In this blog post I'll try to cover the difference between the
functionality found in the different functions that the
multiprocessing
package offers in python. The multiprocessing
package offers the ability to work with multiple threads and if you
wish with multiplce cores. First I'll try to cover the multiple core
scenario and explain the difference between map, map_async
, imap,
imap_unorderd
, apply, apply_async
. In a later blog post I'll try to
cover the multithreaded scenario. First I'll start with
map/map_async
and imap/imap_unorderd
.
map
operates on function that accepts only one arguement, it is
concurrent, it blocks your code, meaning nothing else can be executed
until its finished and finally it returns your results in an ordered
manner. map
consumes your iterable by converting the iterable to a
list assuming it isn't already, breaking it into chunks, and
sending those chunks to the worker processes in the Pool
. Breaking the
iterable into chunks performs better than passing each item in the
iterable between processes one item at a time - particularly if the
iterable is large. However, turning the iterable into a list in order
to chunk it can have a very high memory cost, since the entire list
will need to be kept in memory.
map_async
on the other hand can operate on a function
accepting multiple arguements it is not concurrent, it allows excution
of code while it is still running, and finally it doesn't return your
results in an ordered manner.
imap
doesn't turn the iterable you give it into a list, nor does break
it into chunks by default. It will iterate over the iterable one
element at a time, and send them each to a worker process. This means
you don't take the memory hit of converting the whole iterable to a
list, but it also means the performance is slower for large iterables,
because of the lack of chunking. This can be mitigated by passing a
chunksize
argument larger than default of 1, however.
The other major difference between imap/imap_unordered
and
map/map_async
, is that with imap/imap_unordered
, you can start
receiving results from workers as soon as they're ready, rather than
having to wait for all of them to be finished. With map_async
, an
AsyncResult
is returned right away, but you can't actually retrieve
results from that object until all of them have been processed, at
which points it returns the same list that map
does, basically map
is actually implemented internally as map_async(...).get()
. There's
no way to get partial results, you either have the entire result, or
nothing.
imap
and imap_unordered
both return iterables right away. With imap
,
the results will be yielded from the iterable as soon as they're
ready, while still preserving the ordering of the input iterable. With
imap_unordered
, results will be yielded as soon as they're ready,
regardless of the order of the input iterable.
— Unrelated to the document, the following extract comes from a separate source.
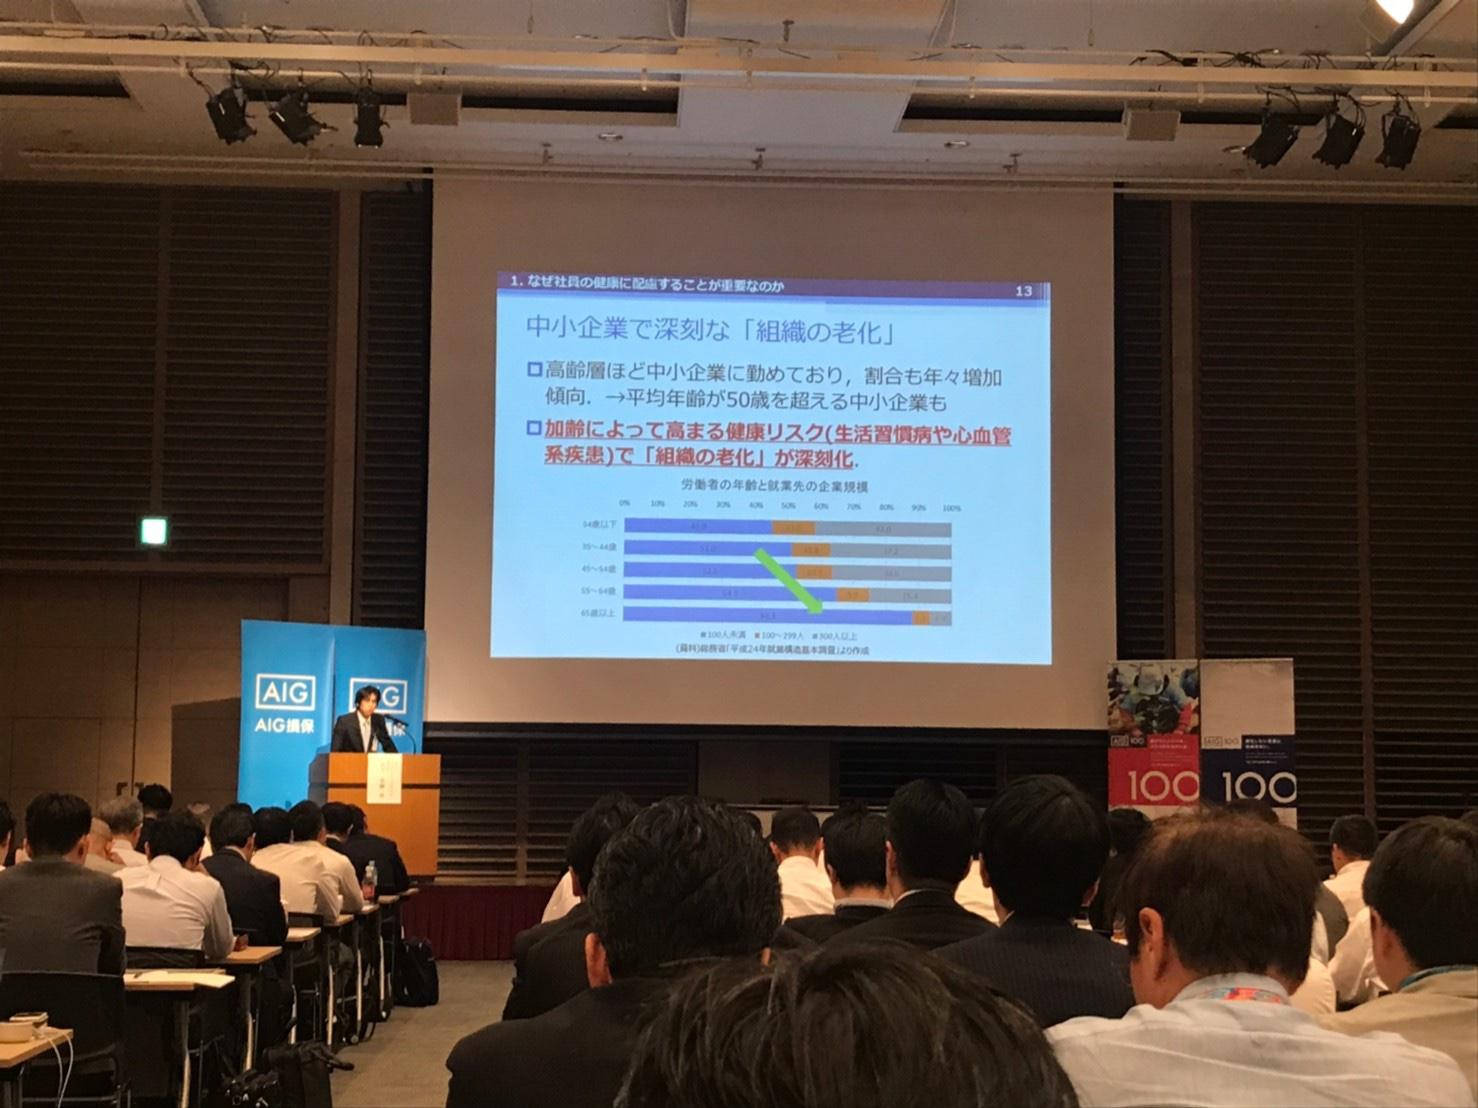 木下研究員が2019年度第 2 回 AIG 関西オープンセミナーにて研究報告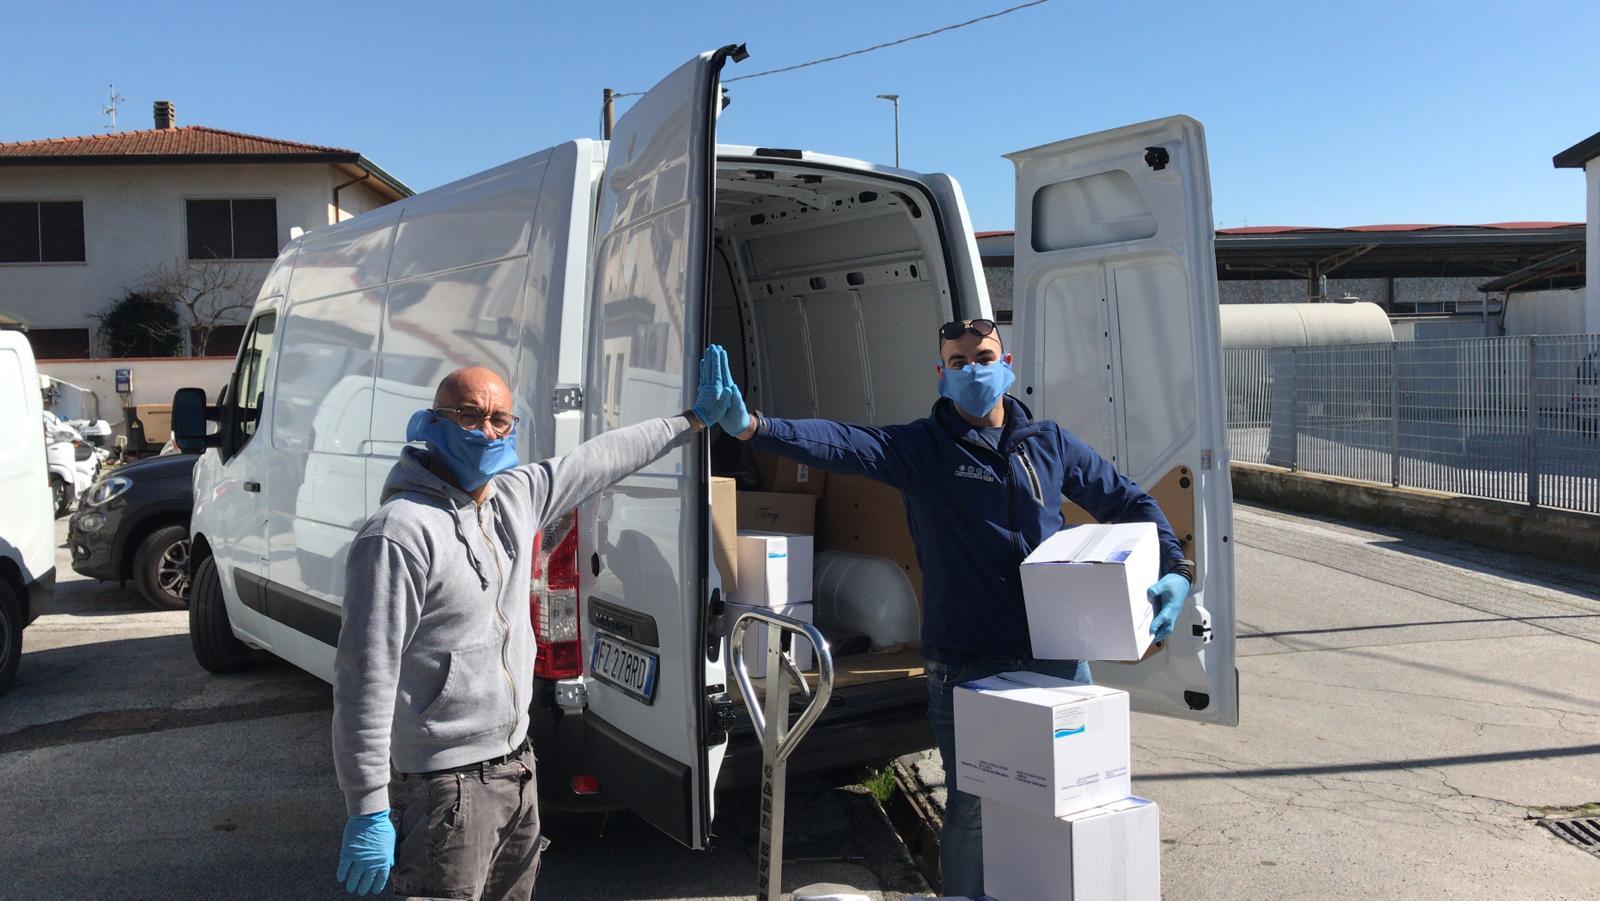 Coronavirus, il cuore del Varignano è grande: Massimo e Luca Vairo donano 7mila mascherine

To summarize the key differences between imap/imap_unordered
and
map/map_async
are:
- 1. The way they consume the iterable you pass to them.
- 2. The way they return the result back to you.
apply
sends a single task off to a worker process, and then blocks
until it's complete. apply_async
sends a single task off to a work
process, and then immediately returns an AsyncResult object, which can
be used to wait for the task to finish and retrieve the
result. apply
is implemented by simply calling
apply_async(...).get()
. With apply_async
, if an exception occurs
inside of your calling function, you won't know about it unless you
explicitly call Pool['process_x'].get()
on the failing AsyncResult
object, which would require iterating over all of Pool
. With
map_async the exception will be raised if you call
~async_result.get()
- no iteration required. map_async
has
built-in chunking functionality, which will make your code perform
noticeably better if arguement list is very large.
Here is a final table summarizing all of those properties and diffferencies:
Multi-args | Concurrence | Blocking | Ordered-results | |||||
---|---|---|---|---|---|---|---|---|
map | no | yes | yes | yes | ||||
map-async | no | yes | no | yes | ||||
apply | yes | no | yes | no | ||||
apply-async | yes | yes | no | no | ||||
imap | no | yes | yes | yes | ||||
imap-async | no | yes | no | no |